11. As far as the allegations regarding denial of access by the respondent-wife to the petitioner to meet Anisha is concerned, it was urged that between 2007 till January, 2009, the petitioner made no attempt to exercise visitation rights given to him and did not make any attempt to meet the child. On the other hand, the petitioner who is very successful businessman and who has to go abroad very often, was not really interested in the welfare of the child since a suggestion had also been made by Dr. Haridas that if the petitioner- husband was not willing to accept custody of the child, she could always be sent to a boarding school.
12. Ms. Lekhi submitted that the order passed by the learned Principal Judge, Family Court, Mumbai at Bandra, as affirmed by the High Court, did not warrant any interference and the Special Leave Petitions were liable to be dismissed.

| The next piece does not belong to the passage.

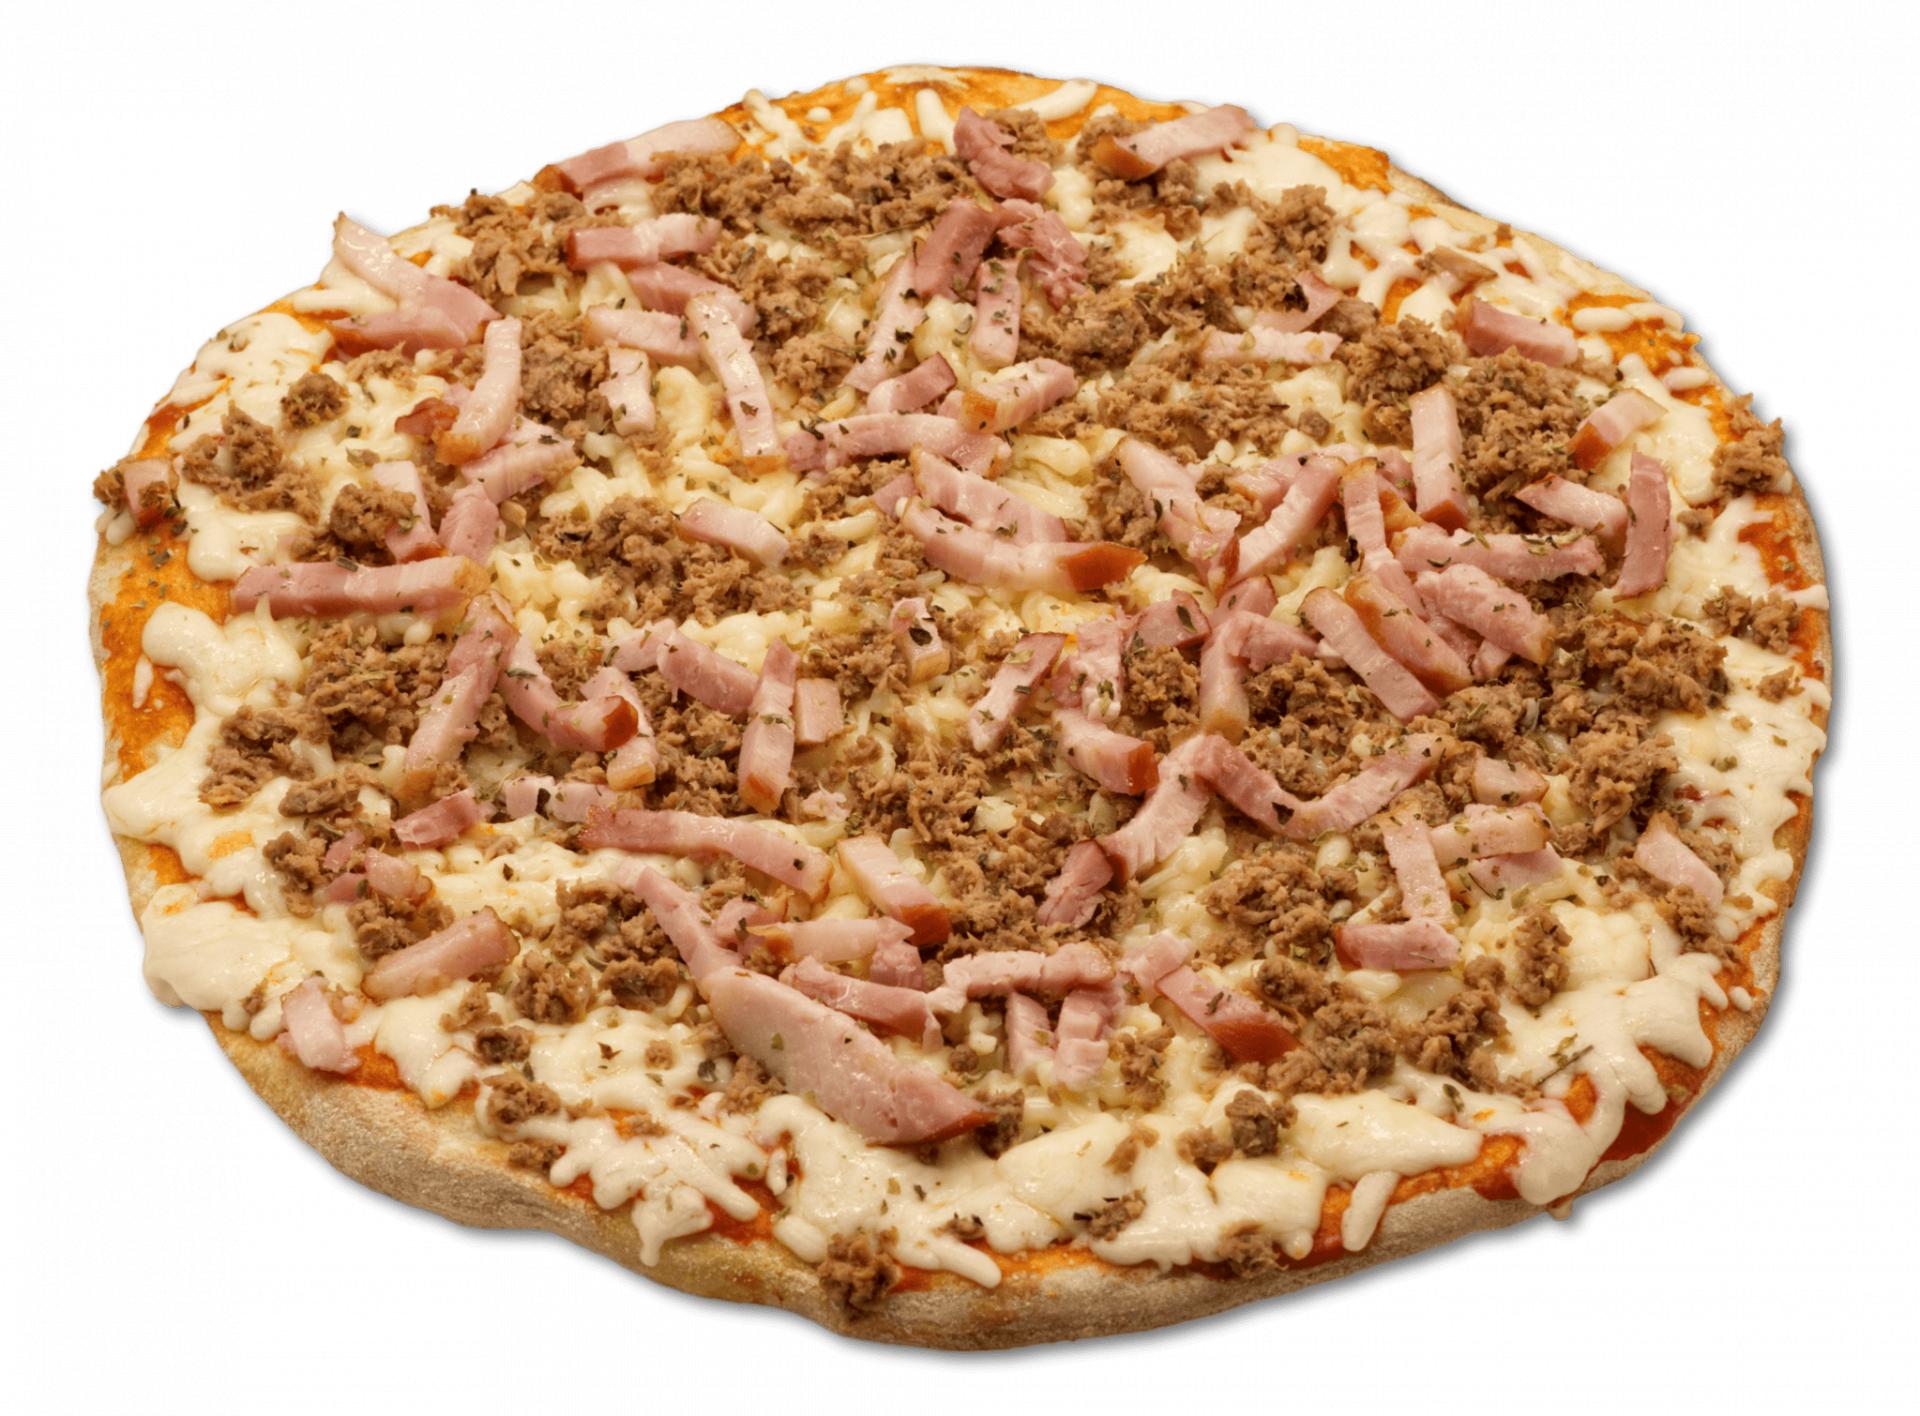 Pizza Artesana Atún y Bacon

13. Having the interest of the minor in mind, we decided to meet her separately in order to make
an assessment of her behavioural pattern towards both the petitioner as well as the respondent. Much against the submissions which have been made during the course of hearing of the matter, Anisha appeared to have no inhibitions in meeting the petitioner-father with whom she appeared to have an excellent understanding. There was no evidence of Anisha being hostile to her father when they met each other in our presence. From the various questions which we put to Anisha, who, in our view, is an extremely intelligent and precocious child, she wanted to enjoy the love and affection both of her father as well as her mother and even in our presence expressed the desire that what she wanted most was that they should come together again. However, Anisha seems to prefer her mother’s company as the bonding between them is greater than the bonding with her father. Anisha is a happy child, the way she is now and having regard to her age and the fact that she is a girl child, we are of the view that she requires her mother’s company more at this stage of her life. There is no doubt that the petitioner is very fond of Anisha and is very concerned about her welfare and future, but in view of his business commitments it would not be right or even practicable to disturb the status quo prevailing with regard to Anisha’s custody. The conditions laid down by the High Court regarding visitation rights to the petitioner are, in our view, sufficient for Anisha to experience the love and affection both of her father and mother. There is no reason why the petitioner, who will have access to Anisha on holidays and weekends, cannot look after her welfare without having continuous custody of her person. As has repeatedly been said, in these matters the interest of the minor is of paramount importance to the Court which stands in loco parentis to the minor. Of course, the wishes of the minor are to be given due weightage, and, in the instant case, the same has been done.
14. We, therefore, see no reason to interfere with the order passed by the learned Principal Judge, Family Court, Mumbai at Bandra, as affirmed by the Bombay High Court.
15. The Special Leave Petitions are, accordingly, dismissed and all interim orders are hereby dissolved.